/ancientgreek-syntactic-embeddings

Ancient Greek Syntactic Word Embeddings

Primary LanguagePython

Ancient Greek Syntactic Word Embeddings

Warning: This work is ongoing: contact me to get more information on current experiments not included here yet. Train syntactic word embeddings from Ancient Greek treebanks (PROIEL or AGDT annotation schemes).

Installation

Prerequisites

The setup relies on the integration of pyenv and poetry. Make sure you first install pyenv following these instructions and poetry following these instructions.

Clone the project

git clone https://github.com/npedrazzini/ancientgreek-syntactic-embeddings.git

Install Python version (pyenv)

Install python 3.10.1. This is the version on which this project has been tested (on MacOS and Linux/Ubuntu), so there is no guarantee that everything will run smoothly on other Python versions.
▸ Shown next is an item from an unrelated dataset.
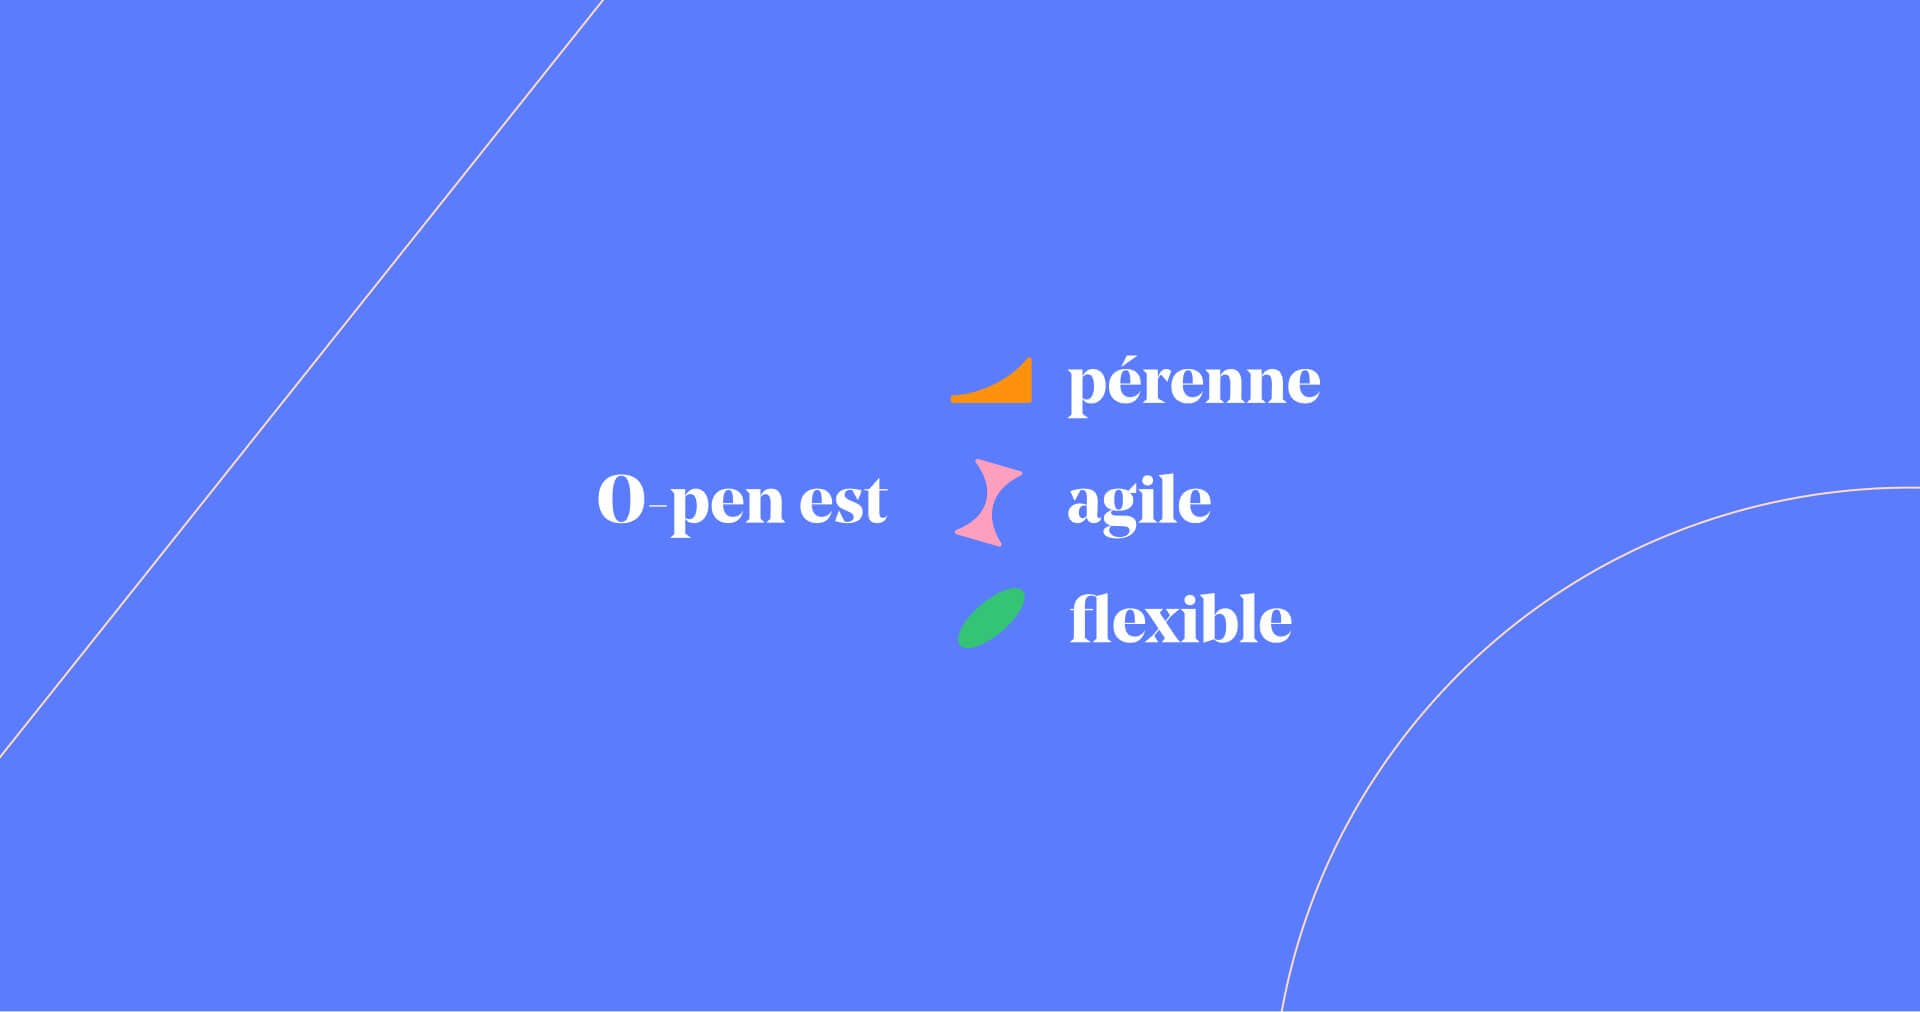 """""""Open est pérenne, agile et flexible"""" with pictograms"""
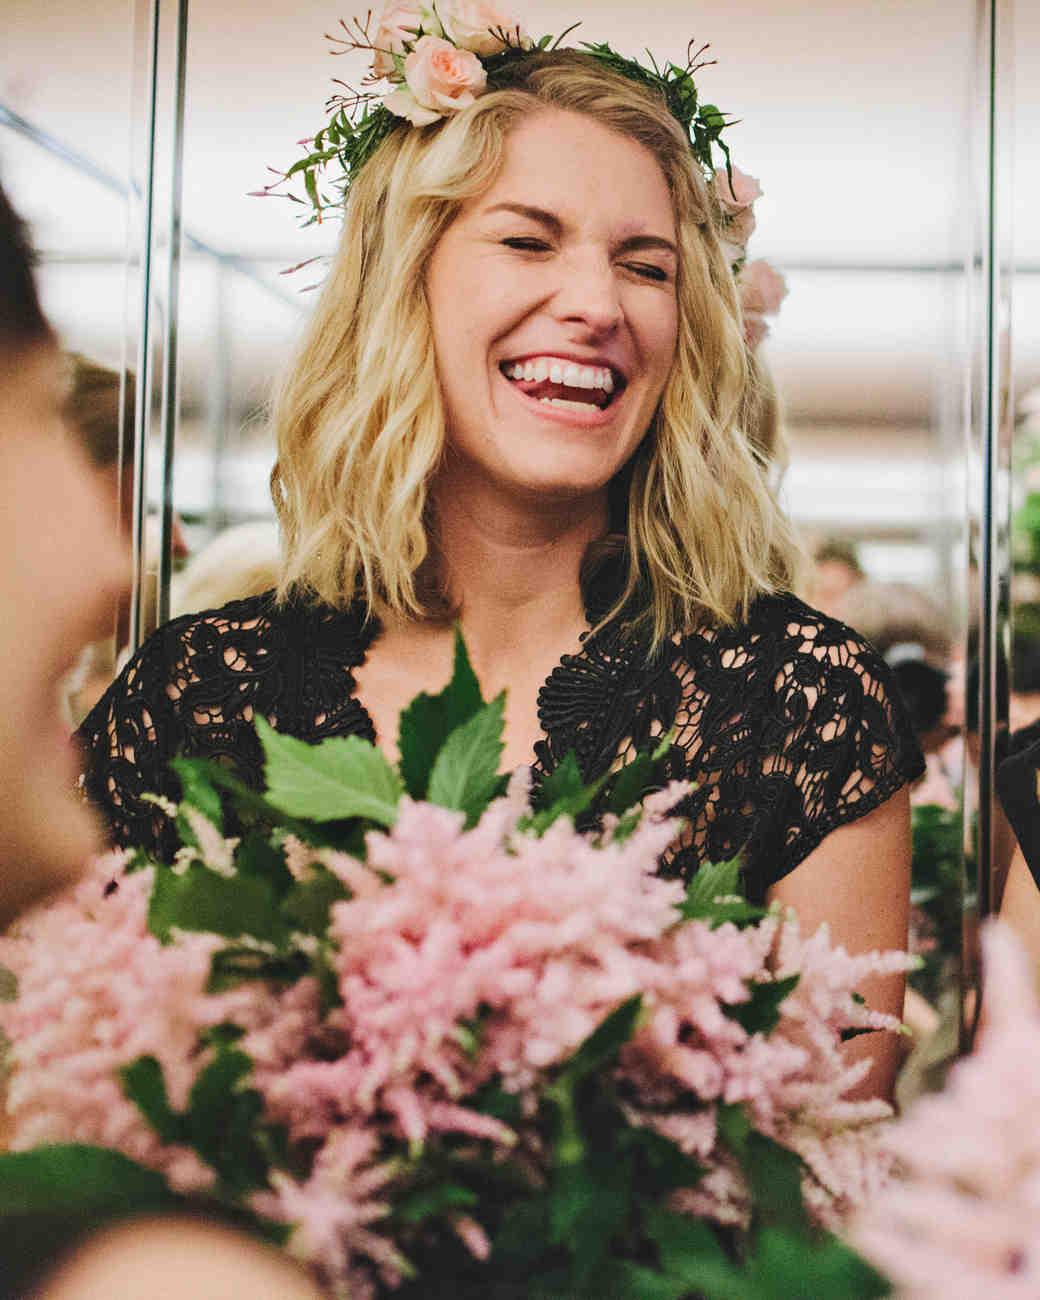 tina-raul-wedding-bridesmaids-0314.jpg

To install it run:

pyenv install 3.10.1

And set it as the global version:

pyenv global 3.10.1

Restart the terminal for the changes to take effect:

exec bash -l

Install virtual env and project dependencies (poetry)

Change directory to the current project:

cd ancientgreek-syntactic-embeddings

Create virtual environment and install project dependencies:

poetry install

Then to start using the project scripts, activate the virutal environment:

poetry shell

You can now run a .py script as usual, for example:

python scripts/training/train_diach_emb.py

Data

Ancient Greek treebank in the PROIEL or AGDT formats can be downloaded from the following sources.

  • PROIEL:
    1. PROIEL AG treebank:
  • AGDT:
    1. Gorman treebank:
    2. Papyri treebank:
    3. Pedalion treebank:
    4. Perseus treebank:

Graph-Based Syntactic Word Embeddings

Fig. 1 - From Evaluating Language Models for Ancient Greek: Design, Challenges, and Future Directions (paper presented by Barbara McGillivray, Silvia Stopponi, Nilo Pedrazzini, Malvina Nissim & Saskia Peels-Matthey at International Conference of Historical Linguistics, ICHL 2022, Oxford, United Kingdom).

This is a modified version of the implementation of Al-Ghezi and Kurimo's (2020) [2] framework to learn syntactic embeddings based on multiple constituency parse trees merged into one 'supergraph'. The embeddings are then trained using node2vec [3].

You can generate parse trees from Ancient Green treebank in either the PROIEL or the AGDT annotation scheme. Follow the steps below to process either.

Pre-processing

First convert Ancient Greek treebanks following the PROIEL or AGDT schemes (and .xml formats) to parenthetical/parse tree, without the dependency tag (needed as input to node2vec).

Note: we use lemmas, not token forms, and we remove stopwords. Multiple empty parentheses are kept because they indicate an empty node.

There are separate scripts for the PROIEL and the AGDT schemes:

For PROIEL-formatted treebanks:

python ./scripts/preprocess/xml-to-parenth-proiel.py

For AGDT-formatted treebanks:

python ./scripts/preprocess/xml-to-parenth-agdt.py

Note: the above assume you have all .xml files under one ./PROIEL_treebanks/ and ./AGDT_treebanks/ folder. If you have them in a different structure, make sure you adjust the variables allproiel and allagdt respectively before running the scripts.

After running either or both of the above, make sure you run:

python ./scripts/preprocess/mergetrees.py

This will generate a tree.txt file, containing all parenthetical trees you wish to use to train the node2vec model.

Training

After generating parse trees using the preprocessing scripts provided, you should now have a tree.txt under outputs/<modelname>/. This will be the input of the training script. You do not need to change anything in the script. When you run it, you will only be asked in enter the <modelname> directly in the terminal and the script will find the right file for you.

Run:

train.py

This will train a node2vec model, saving the output vectors as in a .txt file, in non-binary format which can then be explored using gensim.KeyedVector as usual. You can find a minimal example of exploration script in scripts/exploration/most_similar.py.

References

[1] Omer Levy and Yoav Goldberg. 2014. Dependency-Based Word Embeddings. In Proceedings of the 52nd Annual Meeting of the Association for Computational Linguistics (Volume 2: Short Papers), pages 302–308, Baltimore, Maryland. Association for Computational Linguistics.

[2] Ragheb Al-Ghezi and Mikko Kurimo. 2020. Graph-based Syntactic Word Embeddings. In Proceedings of the Graph-based Methods for Natural Language Processing (TextGraphs), pages 72–78, Barcelona, Spain (Online). Association for Computational Linguistics. https://aclanthology.org/2020.textgraphs-1.8.pdf

[3] Aditya Grover and Jure Leskovec. 2016. node2vec: Scalable Feature Learning for Networks. In Proceedings of the 22nd ACM SIGKDD International Conference on Knowledge Discovery and Data Mining.